Erica6700 07-09-2014 05:55 PM

How did this happen?!?
 
Sorry to be such a downer but I need the most support I have ever needed....I can't stand myself right now! I can not even believe I am back up to 185 lbs?!? How did this happen? I KNOW I need to restart and I am going to....just ordered more food today but, with that being said....I have restarted before on my way back up and was NEVER successful. I was so incredibly strong last year and my strength is GONE. PLEASE HELP ME FIND IT AGAIN....I BEG YOU!

Erica6700 07-09-2014 05:58 PM

My clothes are cutting off my circulation! My waist is the same measurement it was when I started at 195 lbs....I could sob....this is awful.

ChipnDip 07-09-2014 06:23 PM

You have taken the first step. You did it before and you can totally do it again. One meal at a time. Start chopping those veggies now!

It only took you 14 weeks to hit goal last time. I sometimes think that in that short a time you haven't always had the chance to really make some of the longer term changes that others do who take longer to lose. We have that many more opportunities to practice restraint during special occasions, more time to alter our taste buds and start to get into a pattern.

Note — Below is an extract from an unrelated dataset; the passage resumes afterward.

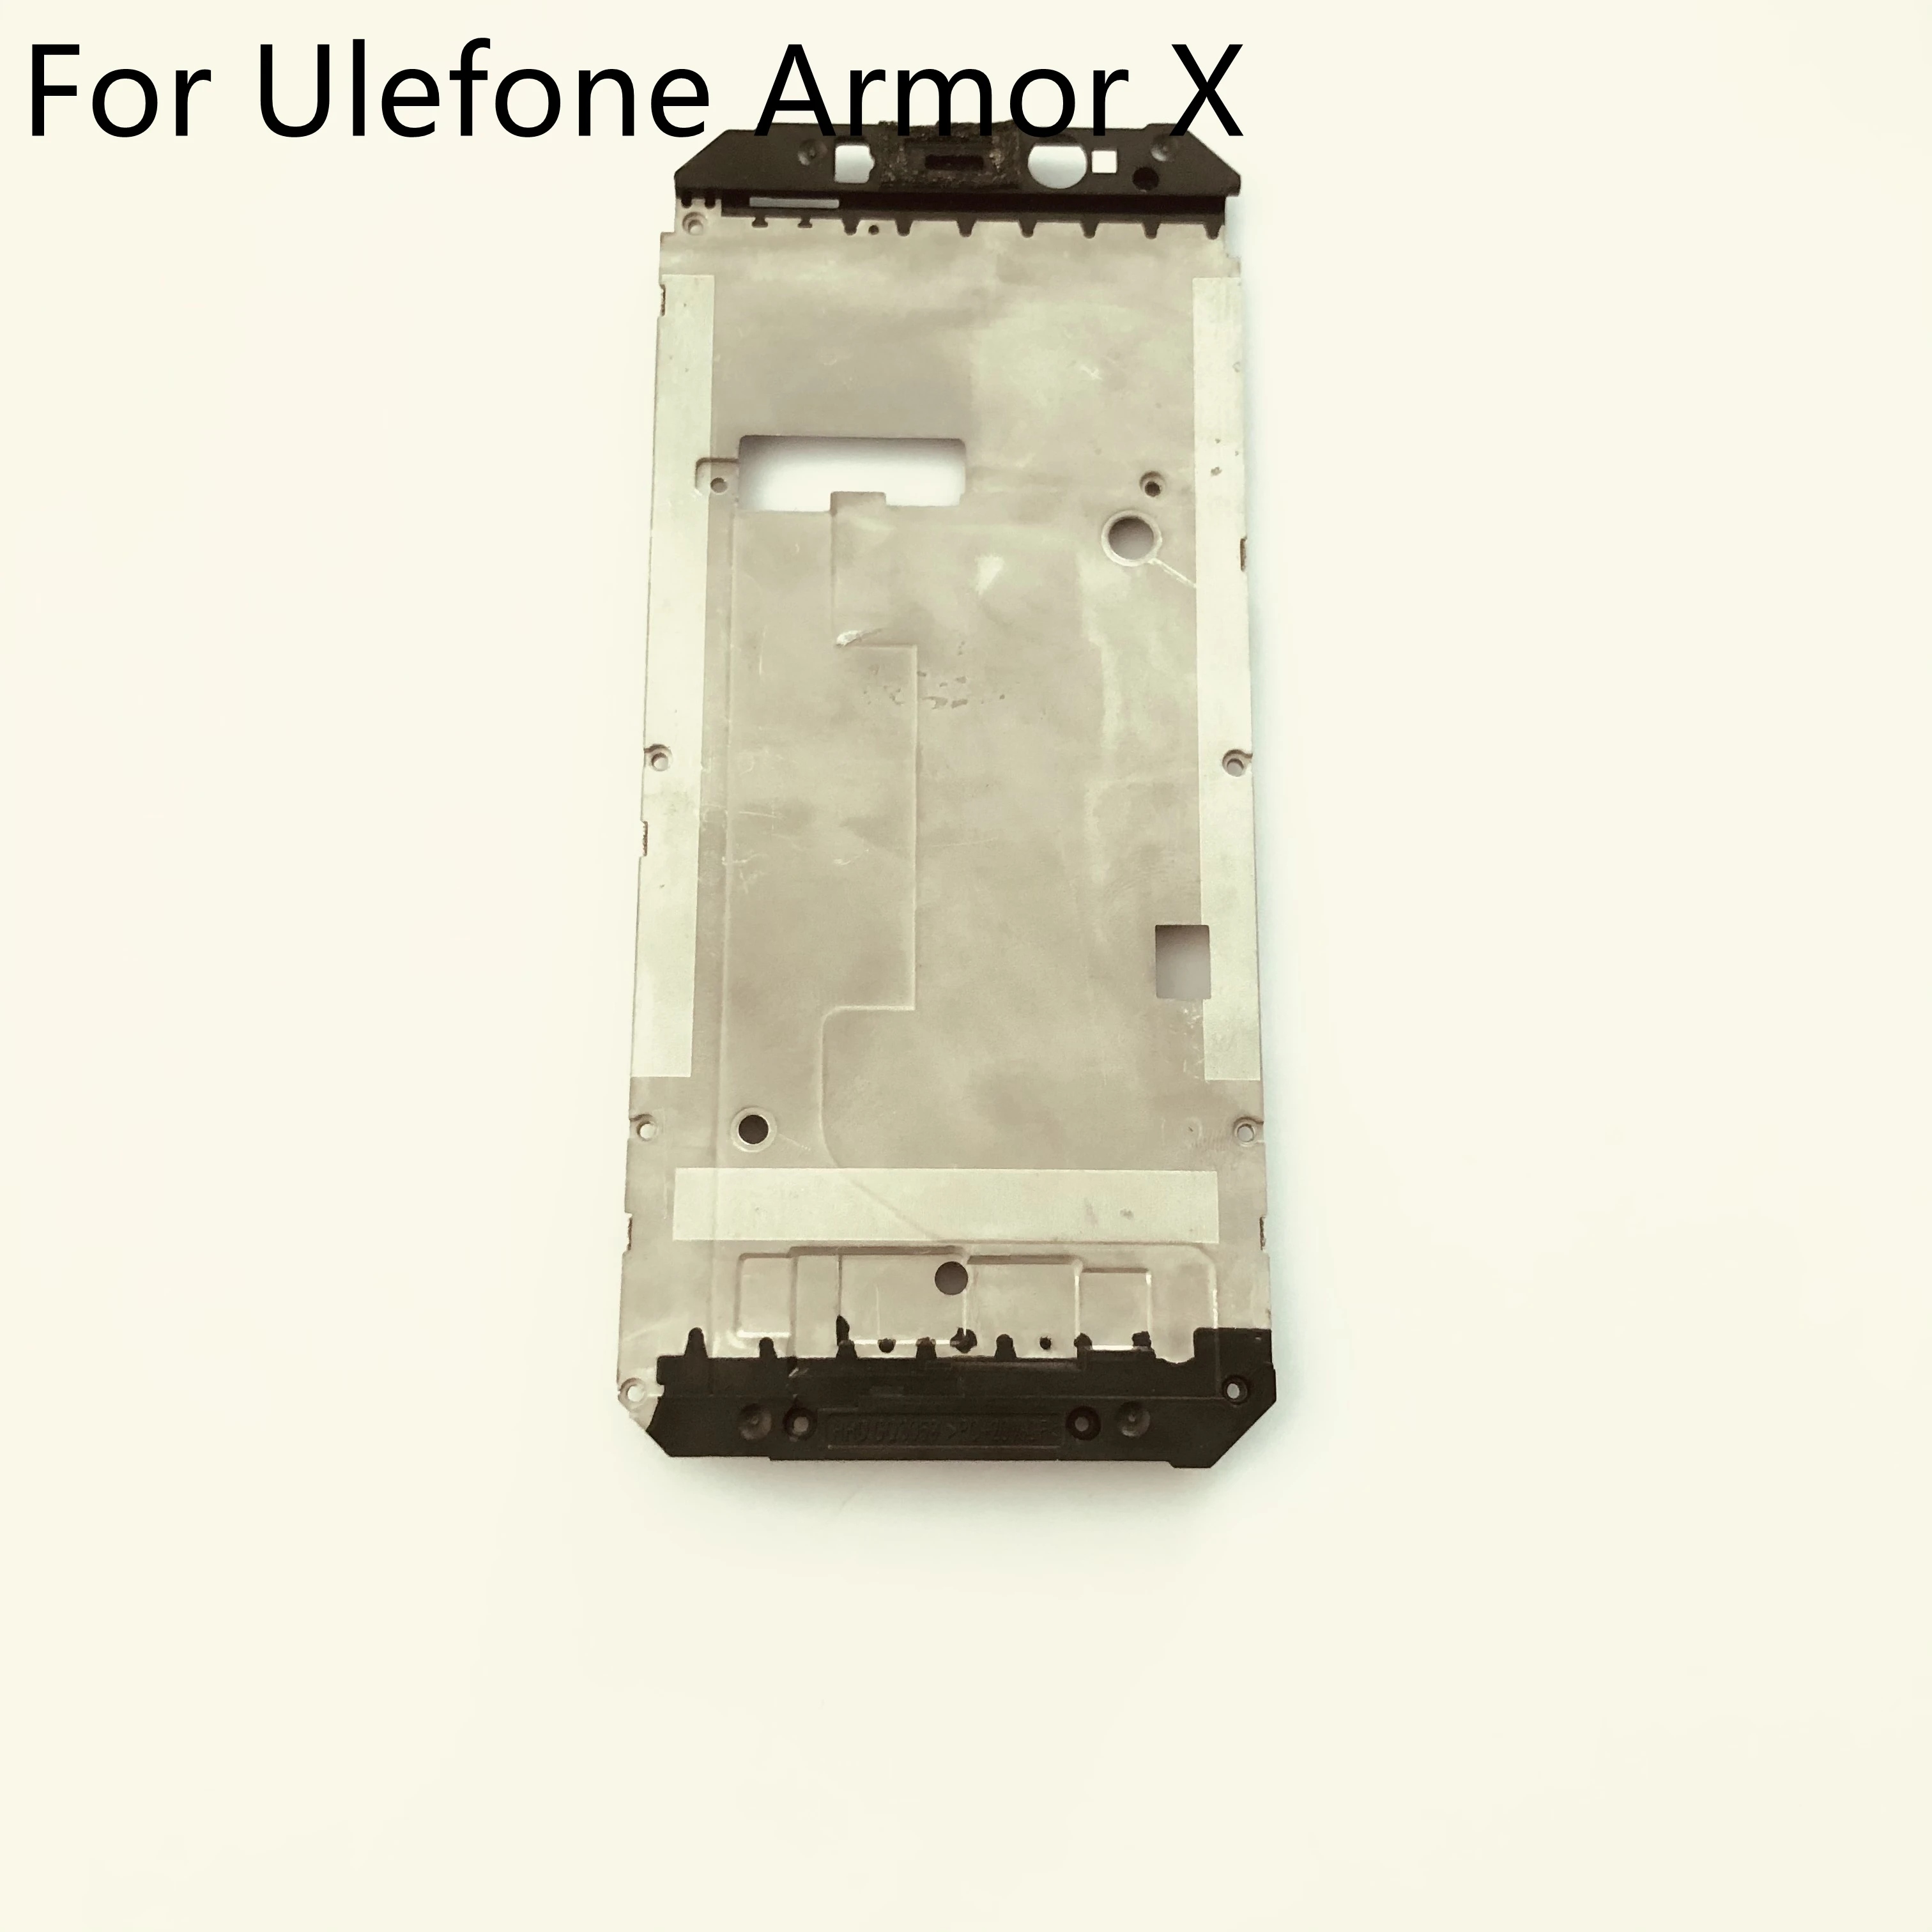 

Ulefone Armor X LCD Middle Frame Shell Case For Ulefone Armor X MTK6739 5.5" 1440x720 Smartphone

Full speed ahead. Don't dwell on the past. When you get some confidence back you can reflect back on what you might do differently this time but don't worry about that now.

IP43 07-09-2014 06:40 PM

Well this is a great place to come for support so welcome back -- lots of us "re-starters" here so you're in good company of people who understand your frustrations. ChipnDip gave you good advice: One meal at a time and full speed ahead. You know this works and you know you can do it. Start with that. As you'll see in lots of posts, we're all working on the "mental game" more this time and Lisa has a great book lots of people are reading "The Beck Diet Solution" (I think)... Keep an eye out for her daily tidbits from that book.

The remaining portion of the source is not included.